I suppose that it's possible that Musk is right and an advanced alien culture might travel light years across space and blow us up out of pure malice but that doesn't sound like a particularly advanced culture to me.
If they had said, we have to be careful visiting Europa because there could be big, nasty sharks in the water they might have a point. I have to believe however that any culture advanced enough to travel the stars in a reasonable amount of time is also advanced enough not to blow up other worlds just because they can.
We also have to ask, if we're that cynical about alien life, why are we exploring the stars at all? If we think that's the kind of culture we're likely to find we should stop exploring altogether, at least outside of our solar system.

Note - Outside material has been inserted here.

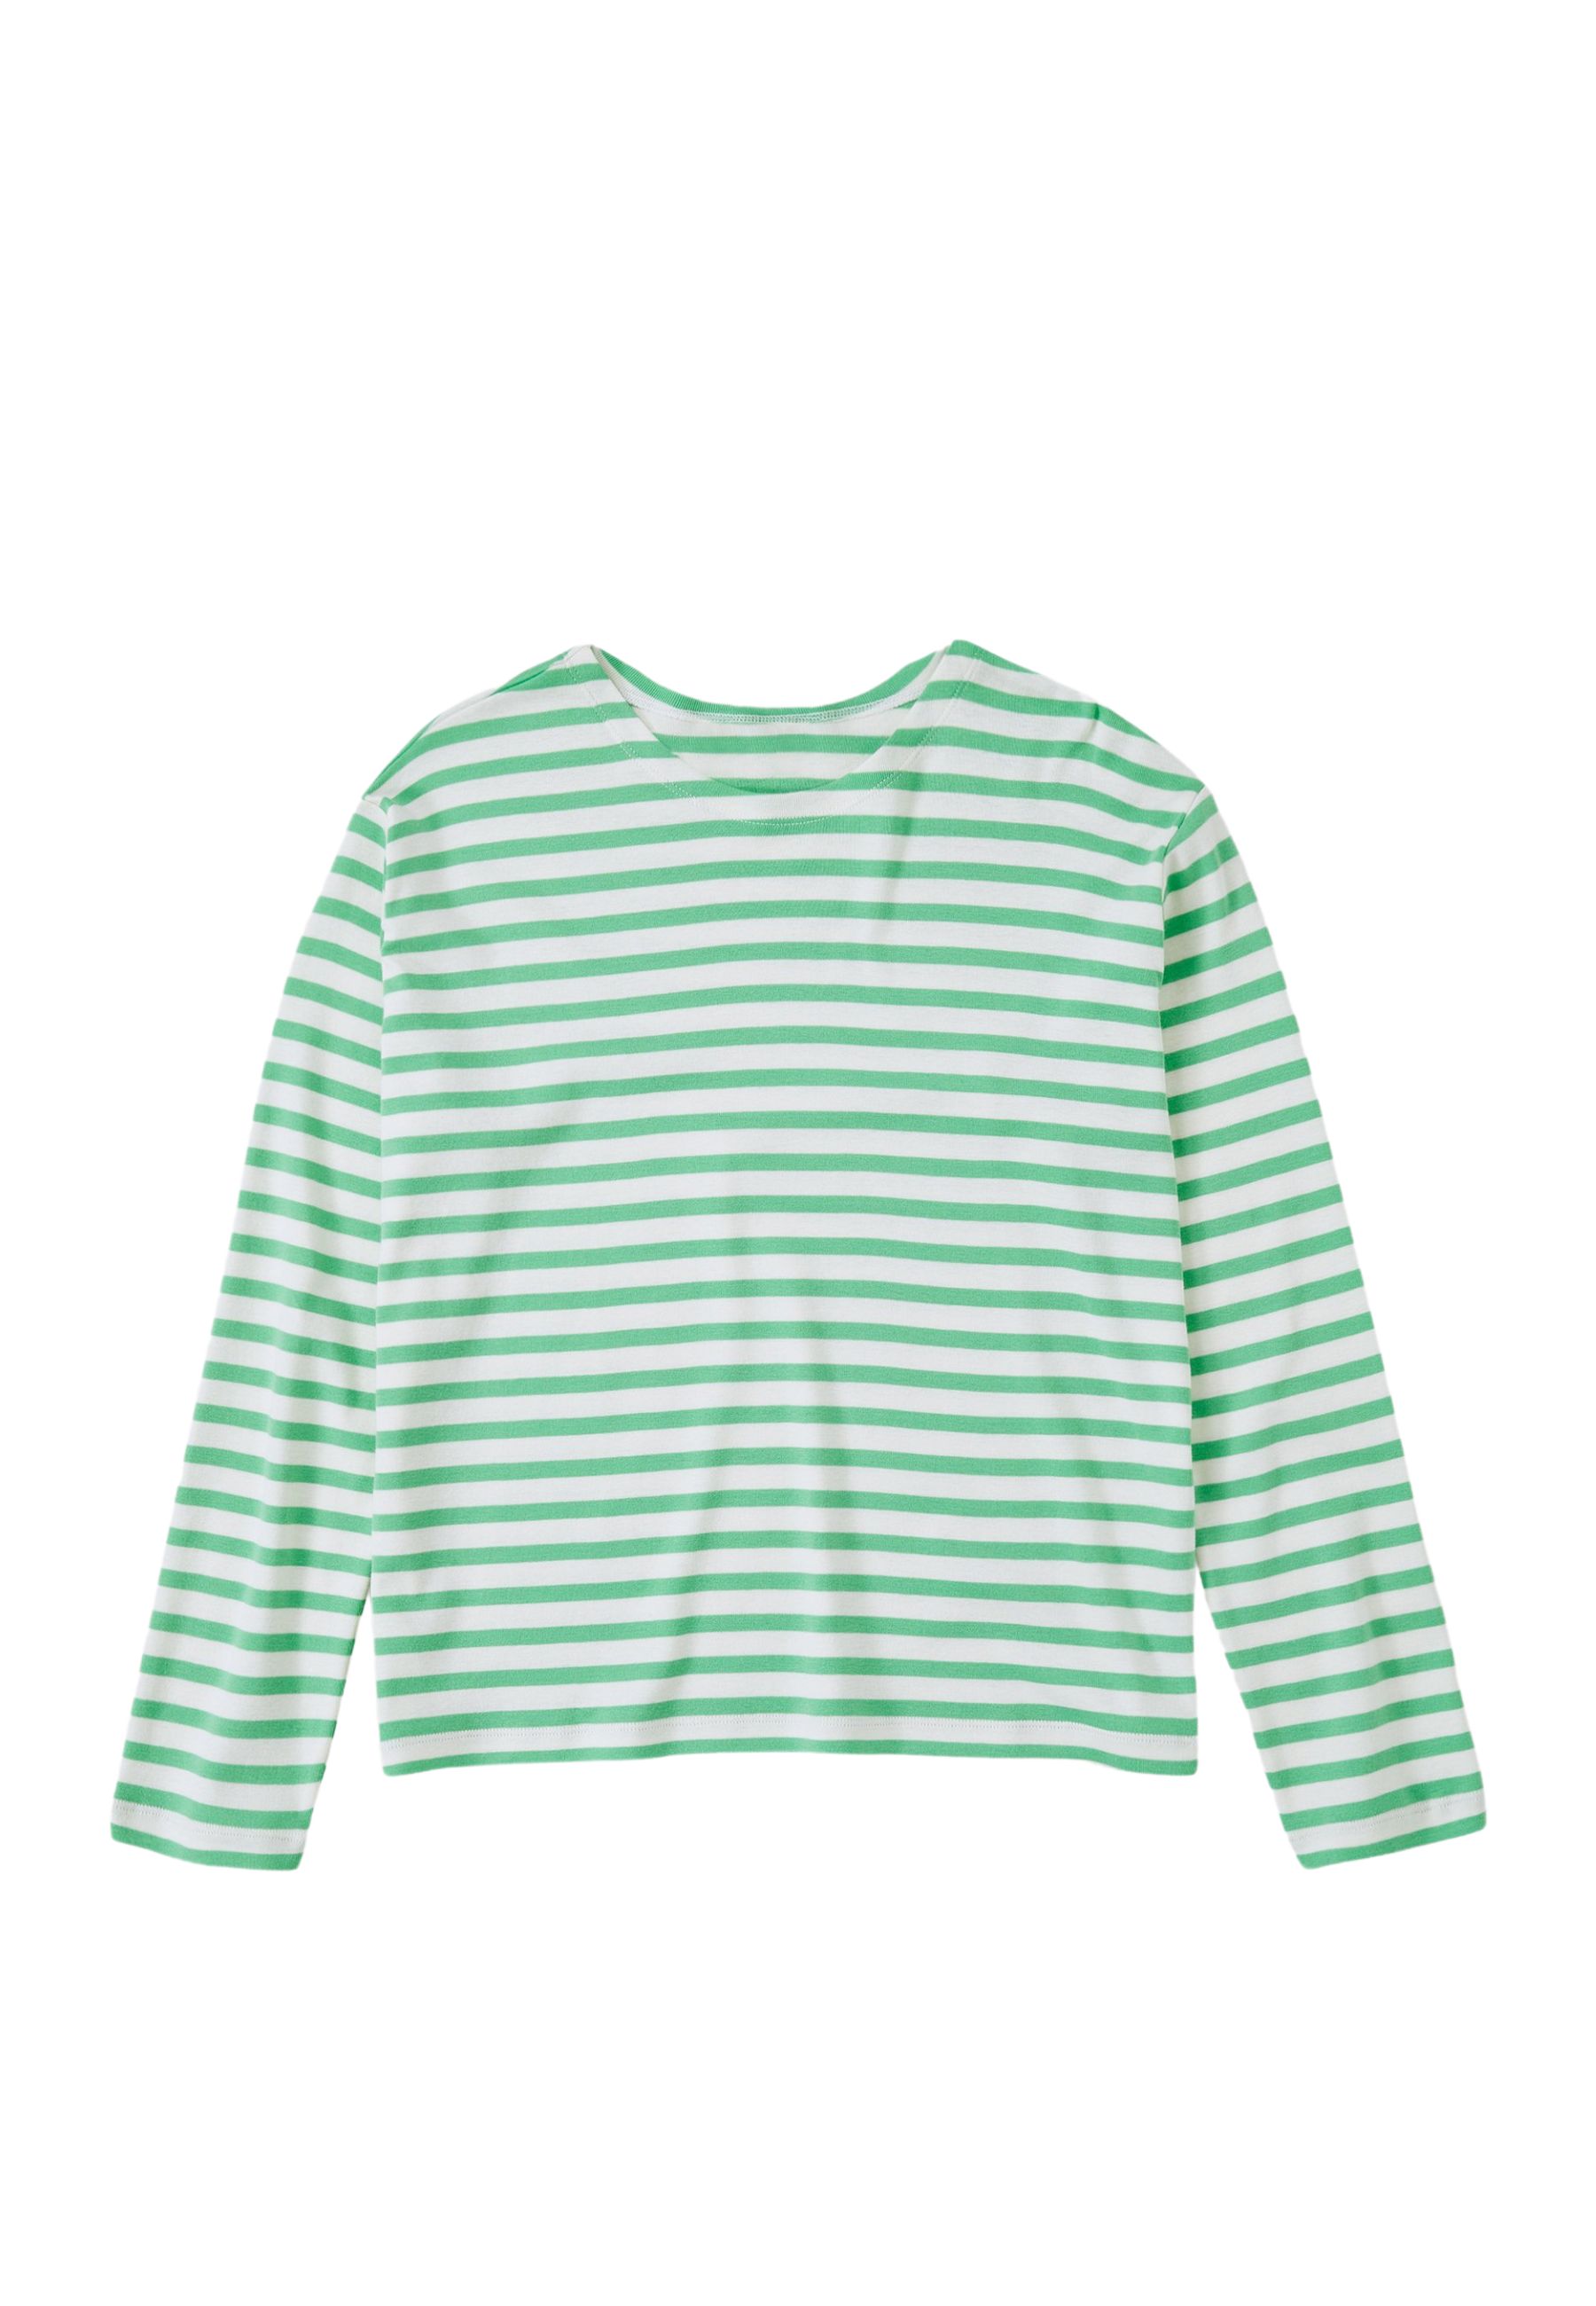 Closed Shirt Groen Katoen maat S longsleeves groen

The letter also says "we feel the decision whether or not to transmit must be based upon a worldwide consensus, and not a decision based upon the wishes of a few individuals with access to powerful communications equipment."
Maybe working on international consensus should be Musk's new hobby if he needs one that badly. Off the top of my head I can't think of a single issue on which there is international consensus. There is no consensus at the moment on climate change, human rights, trade, drugs, endangered species, armed conflict, the arms trade, poverty etc., etc.
So Musk and the other signatories to the letter should get busy thinking of a way to get international consensus - on this or anything really, but there is absolutely no reason to take the fears expressed in the letter seriously at all.